Q: What is the latest on the practice gym? "We need to get Bulldog Club board approval on the final design project, which we have not done yet. We've in final negotiations with the contractor. And then we're finalizing the finance plan, and now that we're back in town I'm going to hopefully do some of that today."

Q: What will it cost? "It's going to be probably 11-12 million dollars. That's moved and ready."

Q: What is the next big step at the football stadium? "I think it's too early to tell for sure what the definite step will be. We need to look at the west side of the stadium, we need to look at north end zone possibilities. Game-day locker room is something we want to update. Those are all needs. Now, what comes first is what we're working through right now."

Q: The scaffolding that's been up at the stadium the last couple of weeks? "Painting the east side, getting rid of the rust."

Q: When you visited those school least you knew you had a bigger scoreboard? "They all had heard about our replay board!
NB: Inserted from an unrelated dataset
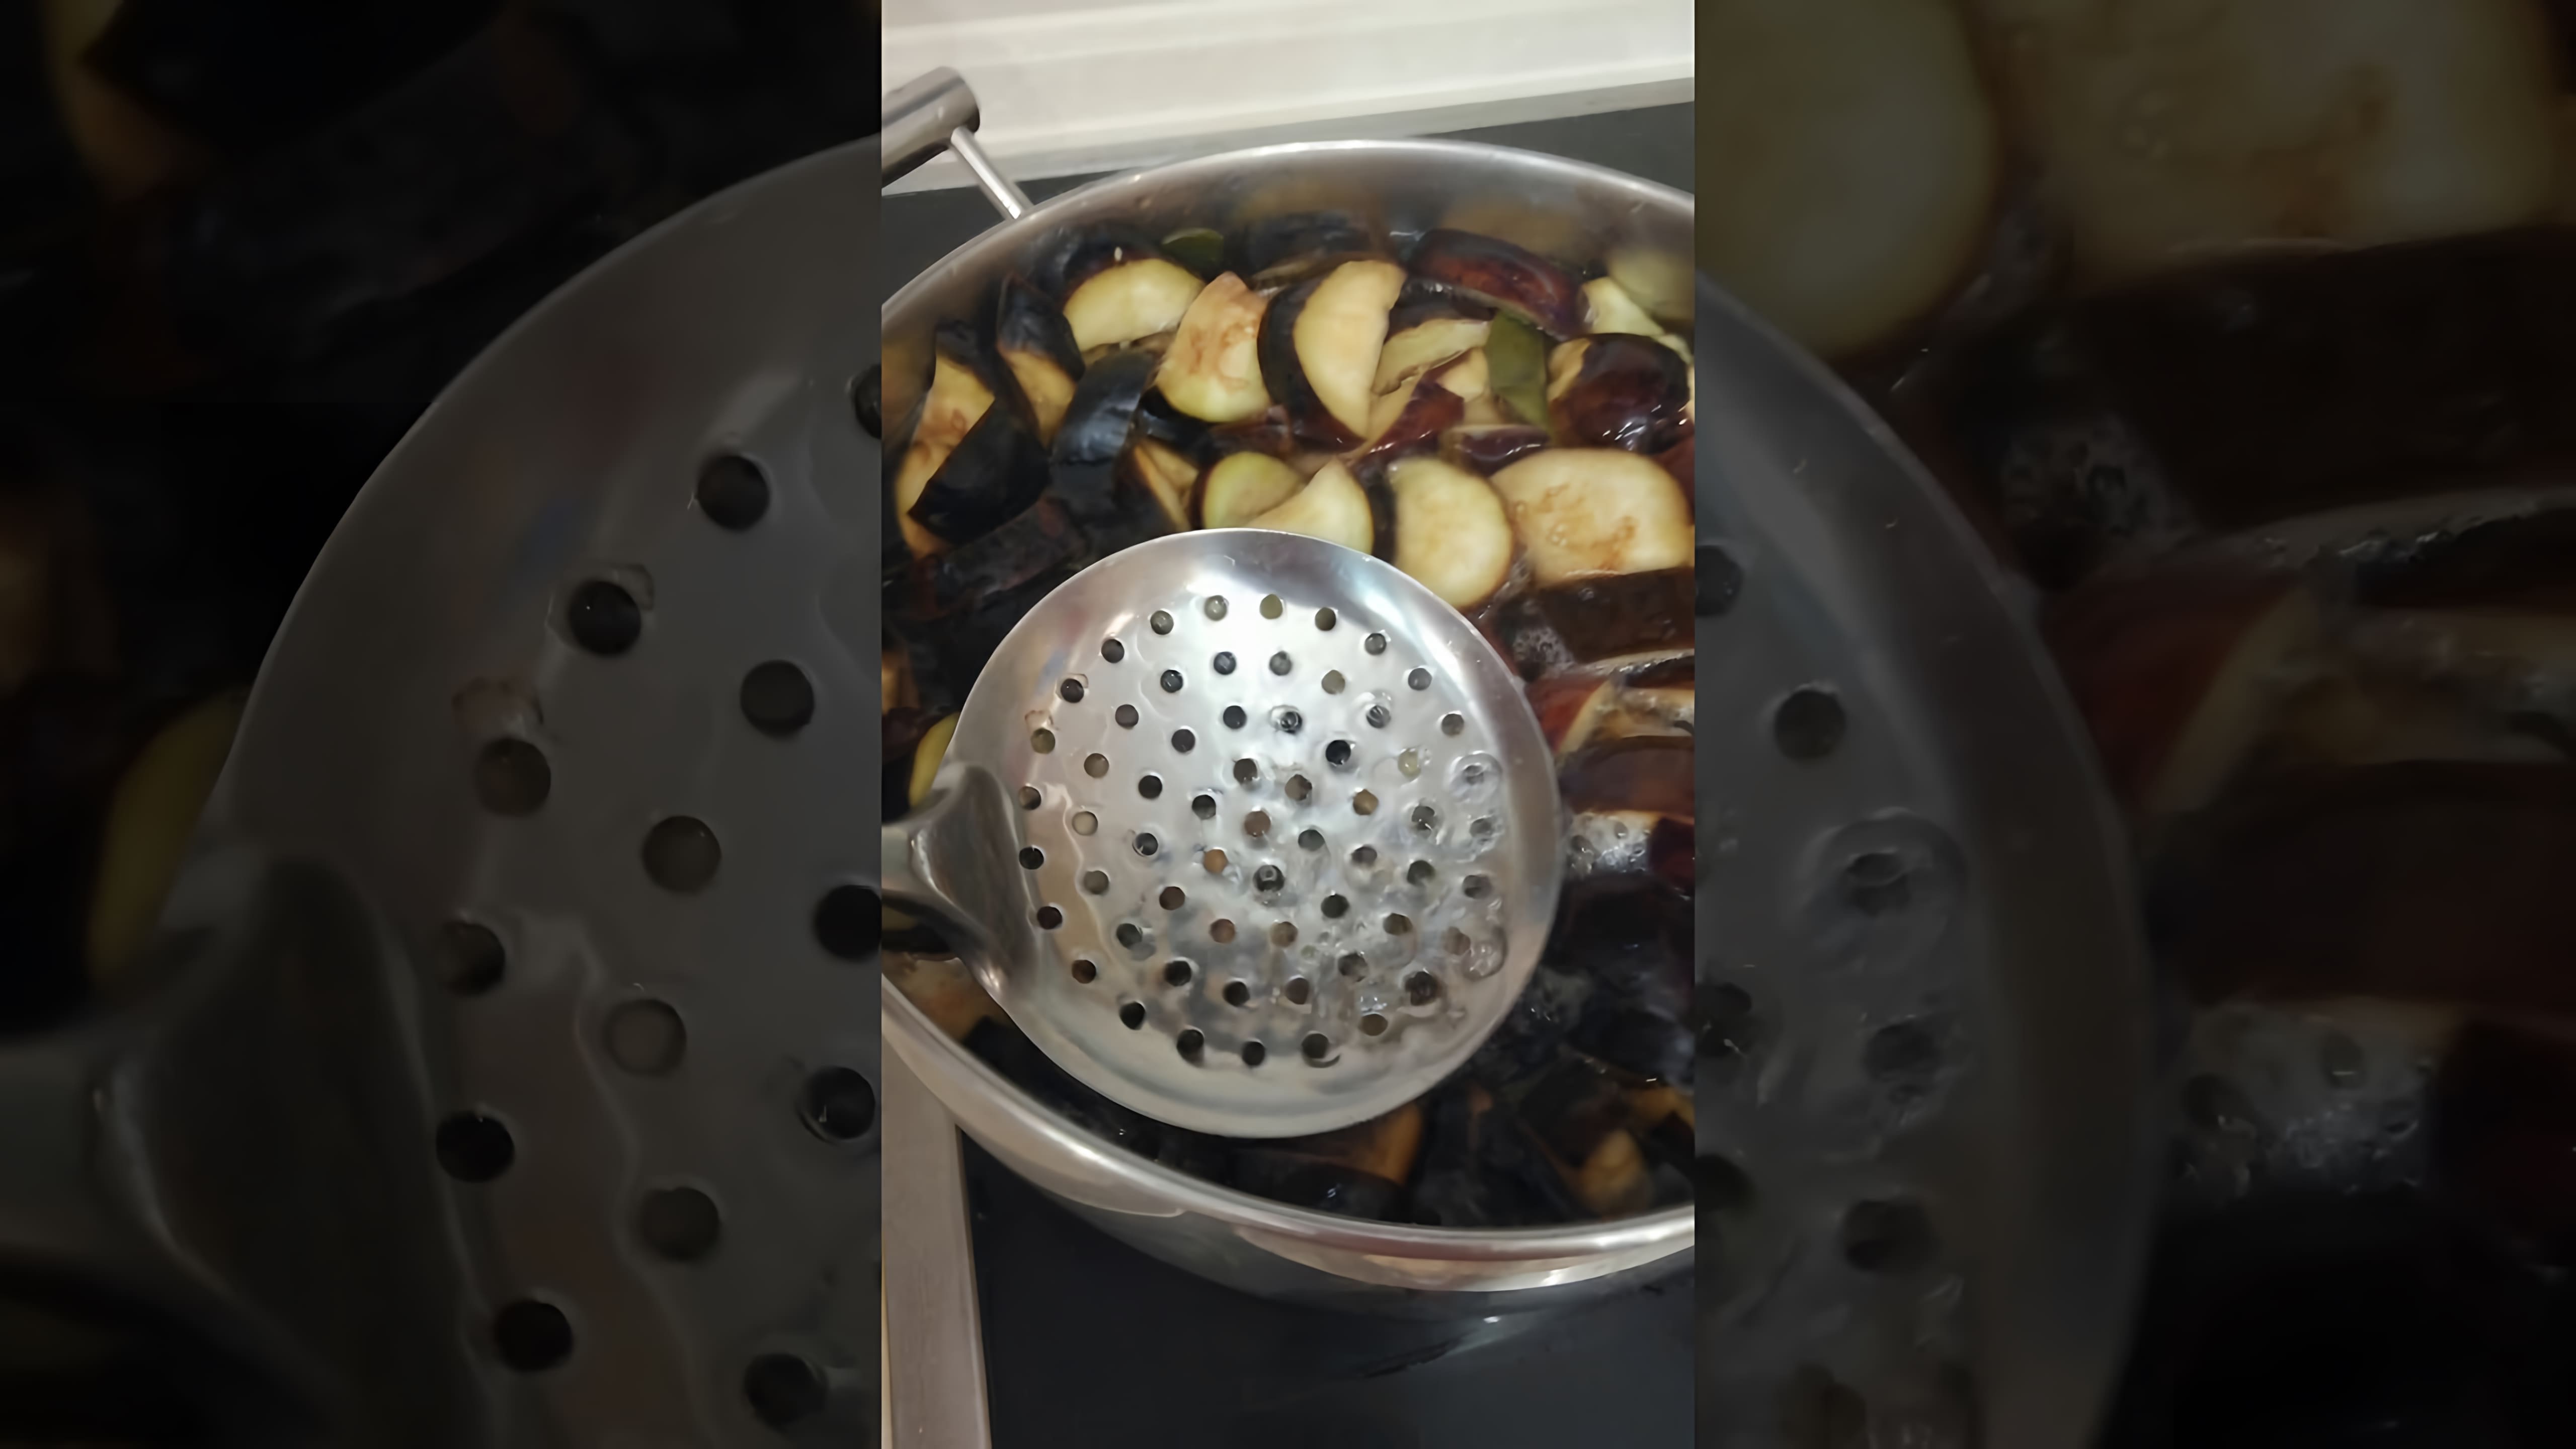 В этом видео демонстрируется процесс приготовления закуски из баклажанов, которая напоминает грибы
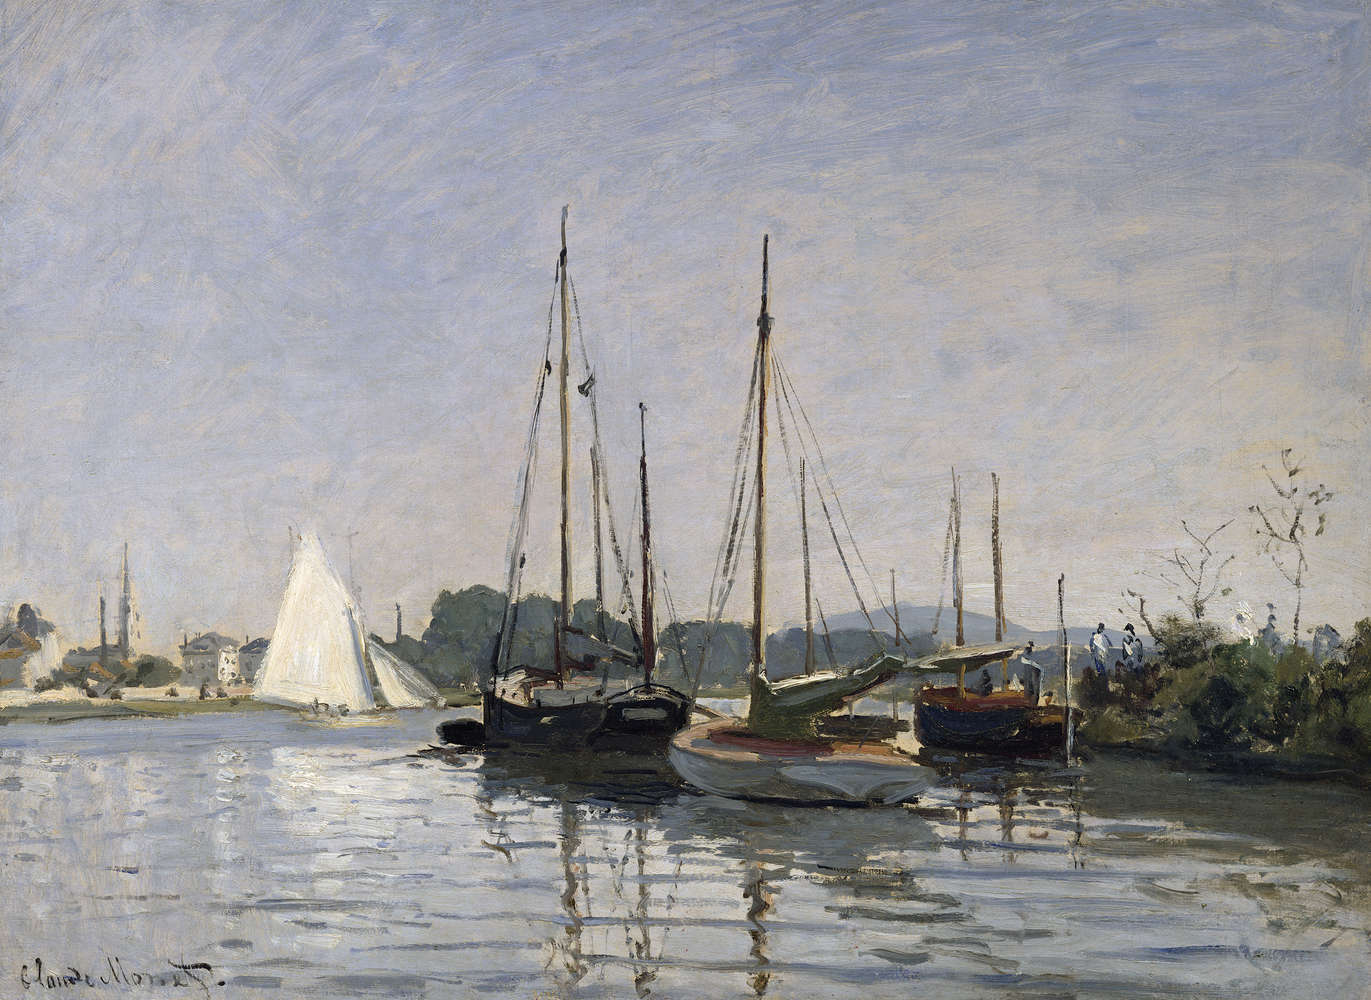             Fototapete "Vergnügungsboote, Argenteuil" von Claude Monet

Arkansas has already been here to see it, Tennessee has been here to see it. Louisiana Tech came and saw it, they're building a much smaller board."

"If you aren't constantly paying attention to who you're competing against, you're not going to be able to make proper adjustments as need. The thing that some schools have done is say ‘how are we going to be unique?' And I've said it before, we can't be out-worked, we can't be out-hustled. We have to be as creative as we possibly can and try to be on the front end of things. We have to market aggressively, we have to have coaches that understand that and I think we do. And I think the coaches we have here now…John Cohen is not going to be out-hustled; Rick Stansbury is not going to be out-hustled. And Dan Mullen has certainly given that impression too. We feel very confident with what he brings to the table for us."

Q: What is Bulldog Club membership at now? "We're over 8,000. We've had good growth there and that's attributed to the great fans we have and volunteers have helped create that, and our Bulldog Club staff has done a great job. Now what we have to get better at is the major gifts on the capital side, and we're going to get ourselves organized better on that in the next year, too."

Q: What is the latest season ticket count? "33,000 counting students. So we've got to sell some more between now and the start of the season."